Седов, начальник штаба батальона, меня встречает:
Пока я ездил, машину разукомплектовали — весь инструмент забрали, поставили совершенно посаженный аккумулятор, топливо слили, сняли мотор поворота башни — рукой за пушку можно башню крутить — голая машина. Я к наводчику: «Что же ты не отстаивал интересы машины?» — «Комбат приказал». — «Вот тебе карты. Догоняй батальон на попутных машинах, вручишь начальнику штаба и вернешься. Возьми там что-нибудь поесть». Он поехал догонять, а я и артмастер остались с машиной. Я залез под танк, спать хочу страшно. Только лег, артмастер кричит: «Лейтенант, немцы!!!» — «Какие немцы, откуда?» — «Вдоль железной дороги идут сюда. Вылезай, скорее. Надо что-то делать». Посмотрели — то ли немцы, то ли не немцы. Черт его знает. Что делать? Топлива нет. Нашел несколько тазов с газойлем, которым смазку со снарядов отмывают, и бутылку из-под трофейного шампанского, отбил дно, сделав из нее воронку. Нет фильтра. Пришлось прямо так заливать. Аккумуляторы разряженные мне поставили, хорошо, что воздух был — завел двигатель. Подъехали к деревне, остановились. Через некоторое время едет заправщик: «Слушай, друг, налей в запасной бачок мне литров сто. Мне хоть доехать до своих, чтобы там заправиться». — «Нет, вы чужой». — «Ты что, в колхозе, что ли? Мы же общее дело с тобой делаем. Танк без топлива стоит. Ты срываешь его боевую задачу. Я запишу твой номер и доложу по команде. И ты как минимум штрафной получишь». — «Ладно, наливайте». Заправили литров сто. А голодные. Зашли в хату: «Хозяйка, у вас нельзя чем-нибудь разжиться?» — «Вон кролики бегают. Ловите их, и пожалуйста». А как ловить? Достал «наган», подстрелил кролика. Хозяйка сварила. Мы поехали дальше, и на повороте, рядом с болотом, порвалась гусеница, а вдвоем ее не натянуть. Артмастер говорит: «Что я буду сидеть, мне надо в батальон». — «Чего же ты меня одного бросаешь? Ладно, поезжай».

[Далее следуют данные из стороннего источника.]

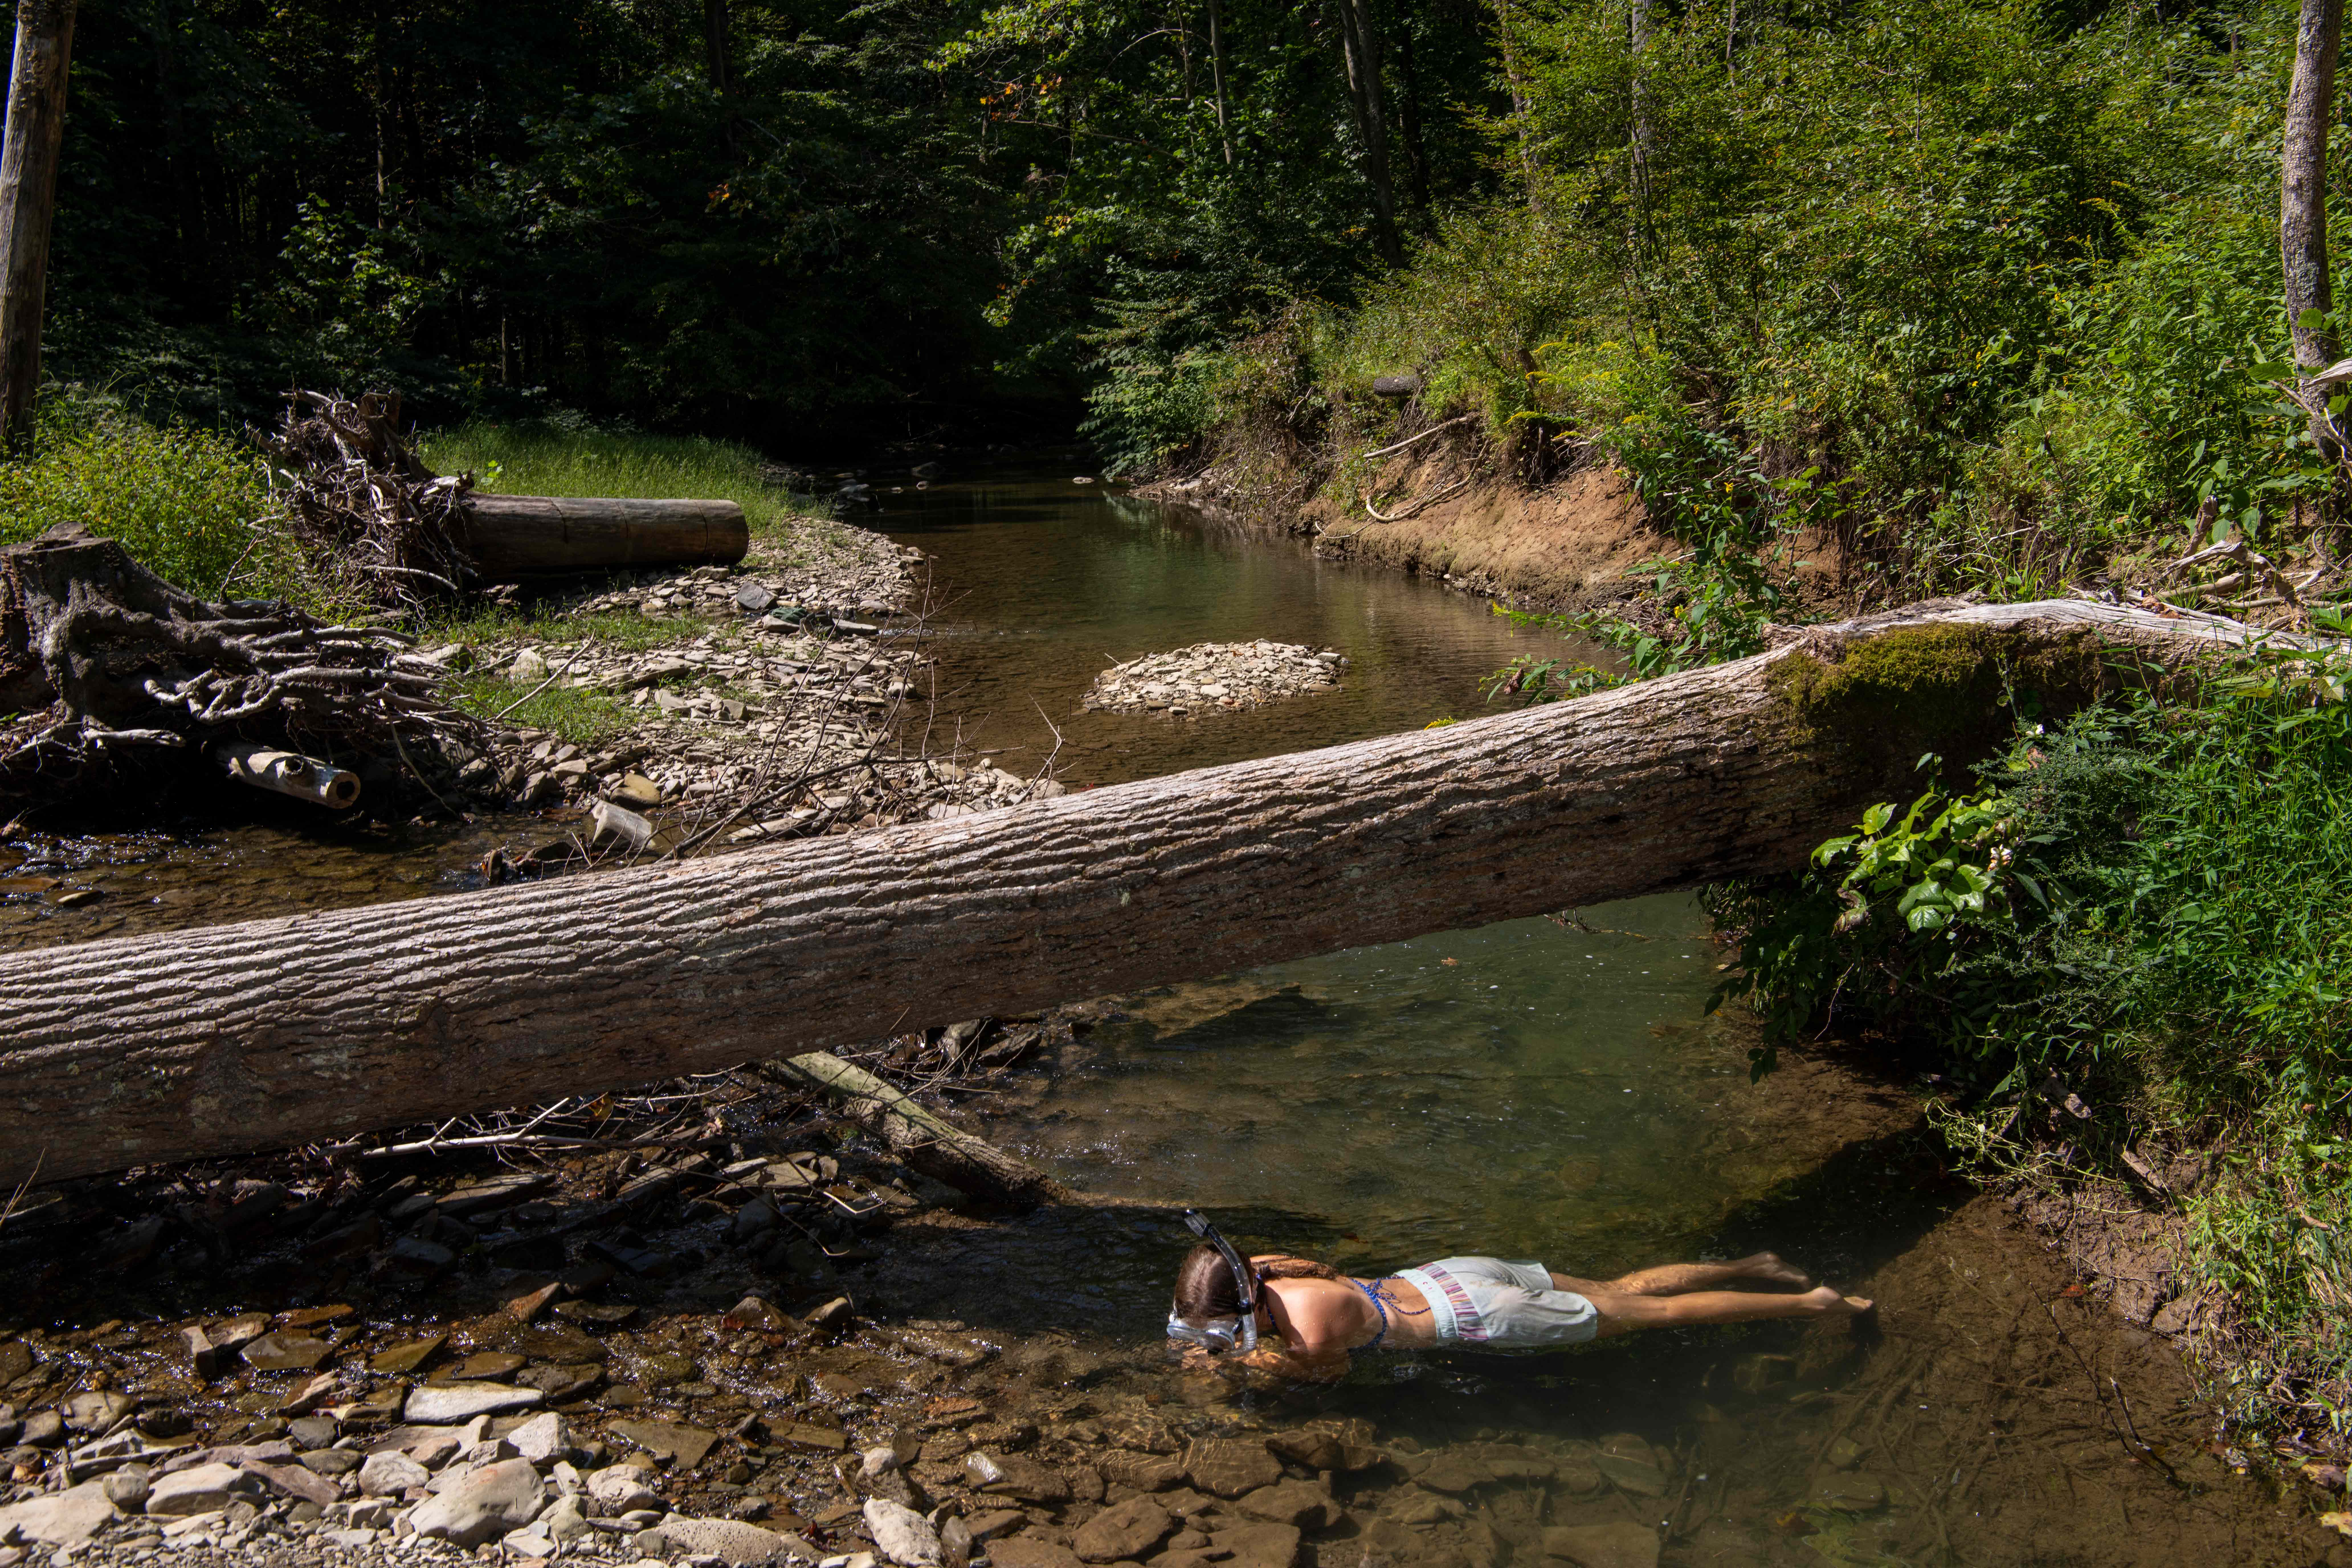 A woman snorkles in a shallow creek near a fallen tree.

Через некоторое время, смотрю, едет заправщик нашего батальона, Костин, старый вояка. На KB воевал под Сталинградом. В районе сосредоточения этот Костин молодых собрал и рассказывает, как он воевал под Сталинградом: «Знаете, у KB — броня во! Однажды немцы как дали болванкой, смотрю, болванка красная и лезет, и лезет через броню. Я схватил кувалду, как врезал по ней, так она и отлетела». Молодежь слушает его внимательно — ребята еще не были на фронте. Я отошел, засмеялся. Тут я говорю: «Костин, давай заправь меня». — «Ну, давай. Мне все равно кого заправлять». Начали ручным насосом качать. Заправились, попросил я его передать в батальон, в каком я положении нахожусь.
Костин уехал, я один остался. Ночь. А машина открытая, люка наверху нет. Что делать? Ведь любой может прийти и сонного придушить. Однако переночевал, а утром вижу, идет старушка. Хотя какая она старушка — может, ей лет сорок было, но для меня, пацана, старушка. Остановилась около танка, разговорились: «Вы куда идете?» — «У меня сын в партизанах погиб. Вот иду искать его могилу. Дом разграбили, даже лошади нет, чтобы огород обработать». — «Знаешь, мать, приходи завтра, я постараюсь тебе лошадь найти». Дело в том, что, когда мы наступали, не только немцы отходили, но и наши, русские. Поскольку наступление было быстрым, они не успевали далеко уйти и возвращались обратно. Вскоре я увидел повозку, которую тащила одна лошадь, а вторая была привязана сзади. Останавливаю: «Вам далеко ехать?!» — «До станции. Километров пять». — «Оставьте мне одну лошадь». Они беспрекословно оставили мне лошадь, которую я пустил пастись. На следующий день приходит эта женщина: «Вот вам лошадь, забирайте, используйте». Она в благодарность принесла мне котелок яичницы, самогонки две бутылки, хлеба. Я говорю: «Зачем это? Вы сами испытываете трудности. Я не для этого вам лошадь достал». — «Ничего. Бери. Ешь. Там впереди речушка, а мост через нее танк развалил. Там ваши танкисты, что-то делают». Она ушла. Я сел на велосипед — и туда. Действительно, Иван Бедаев при попытке переехать мост через речку утопил танк. Их уже вытащили, и они приводят себя в порядок на берегу. Договорились дотащить мой танк до берега речки, а то в болоте натягивать гусеницу неудобно. Зацепили тросами танк, к танку гусеницу. Приволокли туда, натянули. Я говорю: «За то, что вы мне все сделали, я вас угощаю». — «Чего у тебя? Сам небось голодный?» — «Не, я не голодный. Самогонкой вас угощаю». — «Откуда у тебя?» — «Добрые люди есть». Сели, выпили и поехали. Догнали бригаду, сдал в ремонт машину, а сам принял другую. Опять со мной механик Иватулин, остальной экипаж новый.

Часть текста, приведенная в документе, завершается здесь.